News | June 7, 2022

DLA COVID-19 Task Force member wins Navy League logistics award

By Nancy Benecki

Navy Lt. Cmdr. Hugh Wilson is the winner of the Navy League’s Admiral Ben Moreell Award for Logistics Competence for his work with the Defense Logistics Agency’s COVID-19 Task Force.

He will receive the award during the Navy League’s National Convention June 8-12 in Orlando, Florida.

Wilson was called to active duty from the DLA Joint Reserve Force in May 2018. He first worked as a current operations branch chief for the Agency Synchronization and Operations Center before being assigned to the COVID-19 Task Force. He later transitioned to a civilian role with the agency as a joint logistics planner in the ASOC.

The Navy League gives the Admiral Ben Moreell Award for Logistics Competence annually to one enlisted member and one officer in the Navy or Marine Corps who helps advance logistics readiness and competence.

Lee Dvonch, who led the DLA COVID-19 Task Force from March 2020 to June 2021, nominated Wilson for his work in developing the Defense Department’s COVID-19 Vaccine Common Operating Picture.

Dvonch said he’s thrilled that Wilson’s leadership and innovation are being recognized.

“DLA started tracking COVID-19 vaccine shipments with the same clunky, manual spreadsheets and PowerPoints that are essentially unchanged from 20 years ago, and that resulted in a lot of challenges with data timeliness and visibility across DOD,” Dvonch said.

Wilson led the development of a real-time, automated information platform that stored data in one location so shipments could be tracked, allowing military and federal planners and customers to see relevant information, Dvonch said.

“Information was always a big challenge,” Wilson said. “DLA collects a lot of information in a lot of different logistics systems. But pulling that all together into one common-sight picture was really challenging, especially when what information senior leaders needed in that sight picture changed as the mission and the requirements changed.”

Wilson said the 80 members of the task force and the 40 additional representatives throughout the agency are all responsible for its success, particularly because of their flexibility. 

“The whole team was really good at shifting on the fly as things changed,” Wilson said. “The flexibility of everybody who was assigned and the willingness of folks to work outside of their normal comfort zones helped.
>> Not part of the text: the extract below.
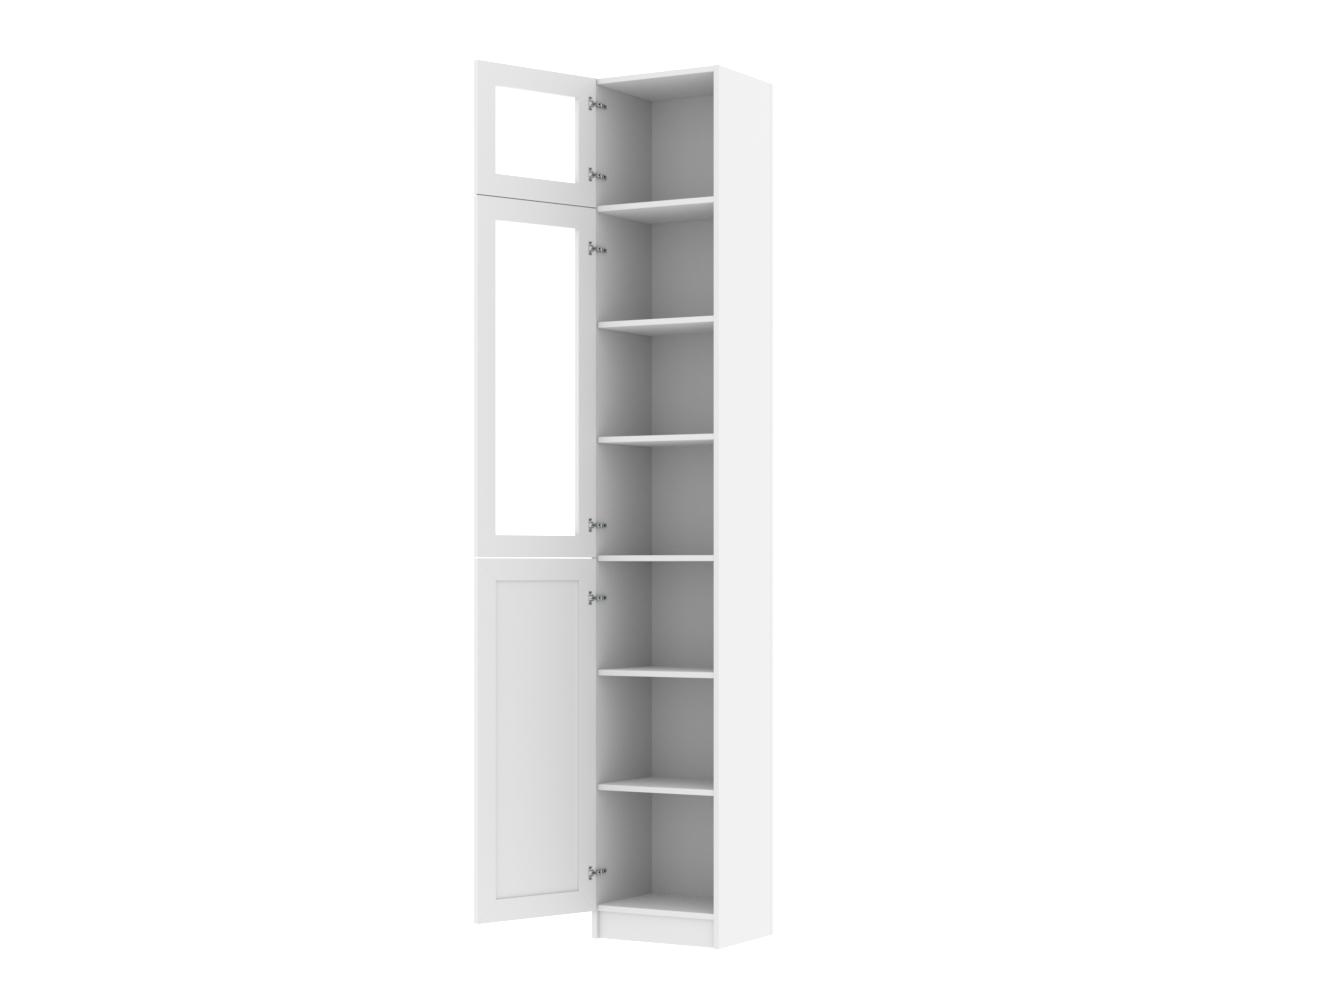  Книжный шкаф Билли 356 white ИКЕА (IKEA) изображение товара

It was great to work so closely with such a great group of people on a mission that mattered so much.”

He said this work will go down as a personal career highlight.

“There's probably been times in my career where I’ve thought, ‘Why are we doing this? What's the mission impact here?’” he said. “But we could really see, as members of the task force, the impact every day because we were helping to support vaccines get delivered to DOD personnel who were spread throughout the globe. We could see the personal protective equipment was getting into the hands of the people who needed it. So it really was rewarding from that perspective, from a mission impact perspective.”